Exact distribution of MLR test for testing a single outlier for the sample size \(n=3\)

Consider a single outlier problem with \(n=3\). The probabilities \(\Pr [T>d|B(r)]\) (\(r=1,2,3)\) in (2) can be written as

$$\begin{aligned} \Pr [T>d|B(r)] =\Pr \left( \frac{1-3d}{u_1^r}Z_1+\frac{1-2d}{u_2^r}Z_2+\frac{1-d}{u_3^r}Z_3>0\right) . \end{aligned}$$

Using (1), we first calculate

$$\begin{aligned} \Pr [T>d|B(3)] =\Pr \left( \frac{1-3d}{b+2}Z_1+\frac{1-2d}{b+1}Z_2+\frac{1-d}{b}Z_3>0\right) = \Pr \,(\mathbf {AZ}>0), \end{aligned}$$

where \(\mathbf {A}=((1-3d)/(b+2),(1-2d)/(b+1),(1-d)/(b))\). Clearly, \(\Pr [T>d|B(3)]\) is 1 for \(0<d\le 1/3\), and 0 for \(d>1\). Letting \(\mathbf {c}=(0,(b+1)(1-d)/[bd+(1-d)], -b(1-2d)/[bd+(1-d)])'\), we have \(\mathbf {Ac}=0\). Now using recursion from (4) and the properties of deleting zero entries and renumbering the random variables again, we have

$$\begin{aligned}&\Pr [T>d|B(3)] =\frac{(b+1)(1-d)}{bd+(1-d)}\Pr \left( \frac{1-3d}{b+2}Z_1+\frac{1-d}{b}Z_2>0\right) \\&\quad +\frac{-b(1-2d)}{bd+(1-d)}\Pr \left( \frac{1-3d}{b+2}Z_1+\frac{1-2d}{b+1}Z_2>0\right) . \end{aligned}$$

The same process is applied to the obtained two probabilities with \(\mathbf {A_1}=((1-3d)/(b+2),(1-d)/b)\) and \(\mathbf {A_2}=((1-3d)/(b+2),(1-2d)/(b+1))\).
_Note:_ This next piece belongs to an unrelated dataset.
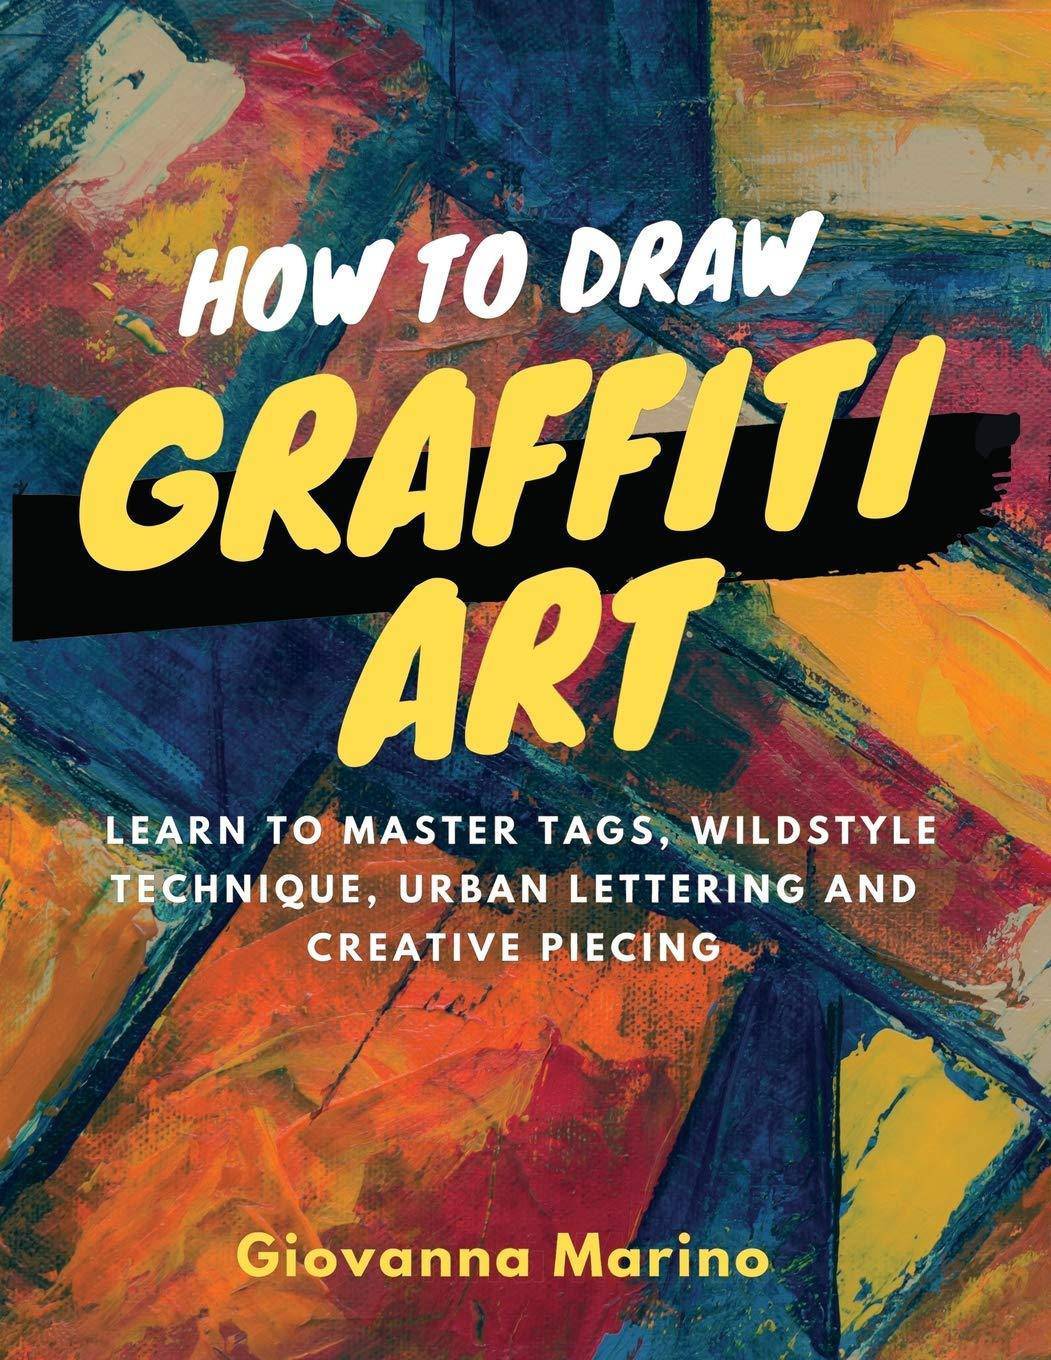 How to Draw Graffiti Art: Learn to Master Tags, Wildstyle Techni - SureShot Books Publishing LLC
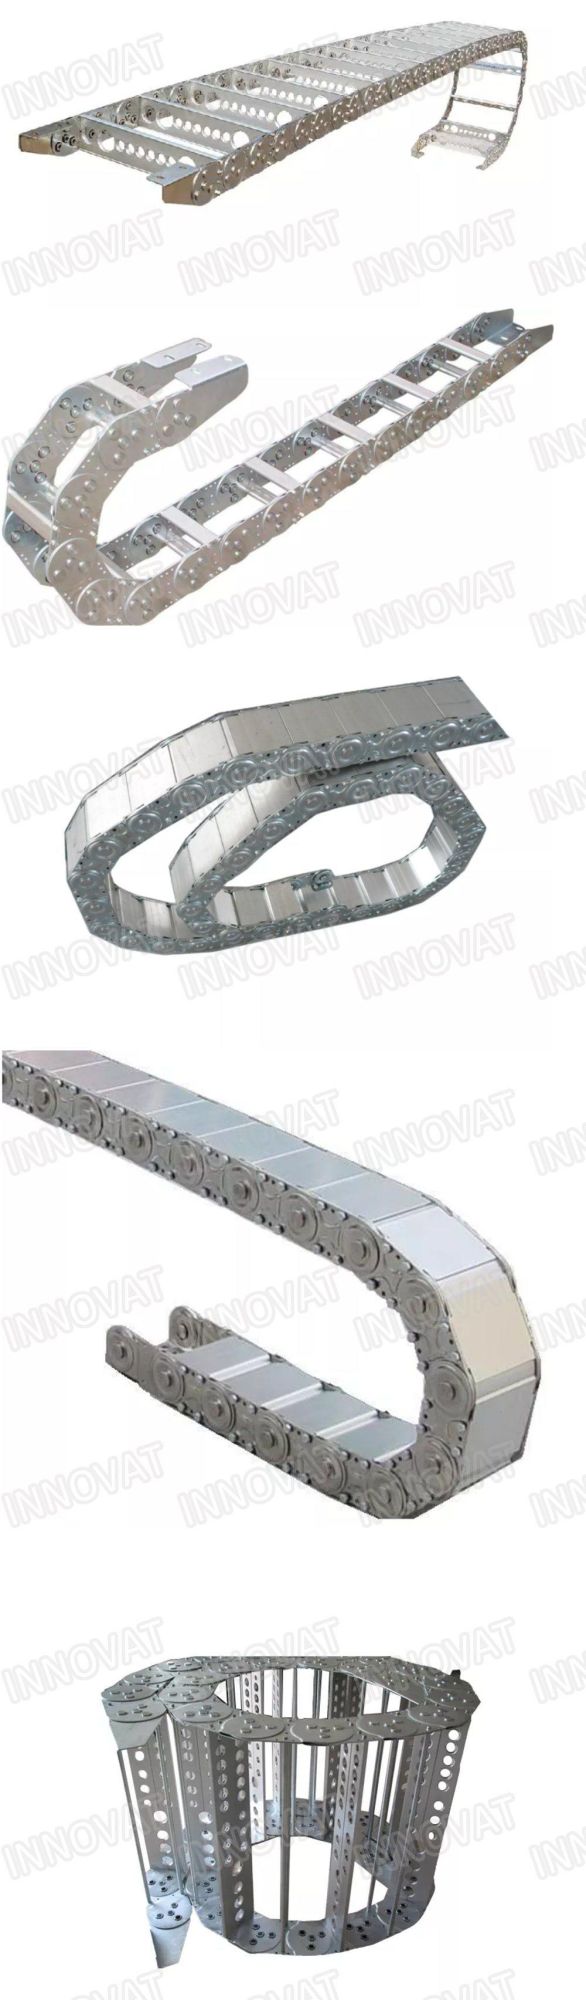 Heavy Duty Industrial Steel Cable Drag Chain Manufacturer Wholesale Stainless Steel Cable Drag Chain

Taking \(\mathbf {c_1}=((b+2)(1-d)/[2(bd+(1-d))], -b(1-3d)/[2(bd+(1-d))])'\) to calculate \(\Pr (\mathbf {A_1 Z}>0)\) and \(\mathbf {c_2}=((b+2)(1-2d)/[(bd+(1-d))], -(b+1)(1-3d)/[(bd+(1-d))])'\) to calculate \(\Pr (\mathbf {A_2 Z}>0)\), it follows that

$$\begin{aligned} \Pr [T>d|B(3)] ={\left\{ \begin{array}{ll} \frac{(b+1)(b+2)(1-d)^2}{2[bd+(1-d)]^2}-\frac{b(b+2)(1-2d)^2}{[bd+(1-d)]^2} &{} \frac{1}{3}<d\le \frac{1}{2},\\ {} \frac{(b+1)(b+2)(1-d)^2}{2[bd+(1-d)]^2} &{} \frac{1}{2}<d\le 1. \end{array}\right. } \end{aligned}$$

(31)

In a similar manner, we can obtain

$$\begin{aligned} \Pr [T>d|B(2)] ={\left\{ \begin{array}{ll} \frac{(b+1)(b+2)(1-d)^2}{[d+b(1-d)][1+d+b(1-d)]}-\frac{(b+2)(1-2d)^2}{[d+b(1-d)][bd+(1-d)]} &{} \frac{1}{3}<d\le \frac{1}{2},\\ {} \frac{(b+1)(b+2)(1-d)^2}{[d+b(1-d)][1+d+b(1-d)]} &{} \frac{1}{2}<d\le 1, \end{array}\right. } \end{aligned}$$

(32)

and

$$\begin{aligned} \Pr [T>d|B(1)] ={\left\{ \begin{array}{ll} \frac{2(b+2)(1-d)^2}{[1+d+b(1-d)]}-\frac{(b+2)(1-2d)^2}{[2d+b(1-2d)]} &{} \frac{1}{3}<d\le \frac{1}{2},\\ {} \frac{2(b+2)(1-d)^2}{[1+d+b(1-d)]} &{} \frac{1}{2}<d\le 1. \end{array}\right. } \end{aligned}$$

(33)

From (6), we have

$$\begin{aligned} \Pr [B(1)] = \frac{b}{b+2}, \quad \Pr [B(2)] = \frac{2b}{(b+1)(b+2)}, \quad \text {and}\quad \Pr [B(3)] = \frac{2}{(b+1)(b+2)}. \end{aligned}$$

(34)

Now using (31–34), we get the distribution function of T under H for \(n=3\) which is

$$\begin{aligned} \Pr [T<d|H] = 1-\sum _{r=1}^{3}{\Pr [T>d|B(r)] \Pr [B(r)]}. \end{aligned}$$

(35)

The density function of T for \(n=3\) can be obtained by differentiating (35) with respect to d. Also, the density function under the labelled slippage \(H_n\) can be obtained by differentiating \(1-\Pr [T>d|B(3)]\) with respect to d and is equivalent to the density obtained by Chikkagoudar and Kunchur (1983) for \(n=3\).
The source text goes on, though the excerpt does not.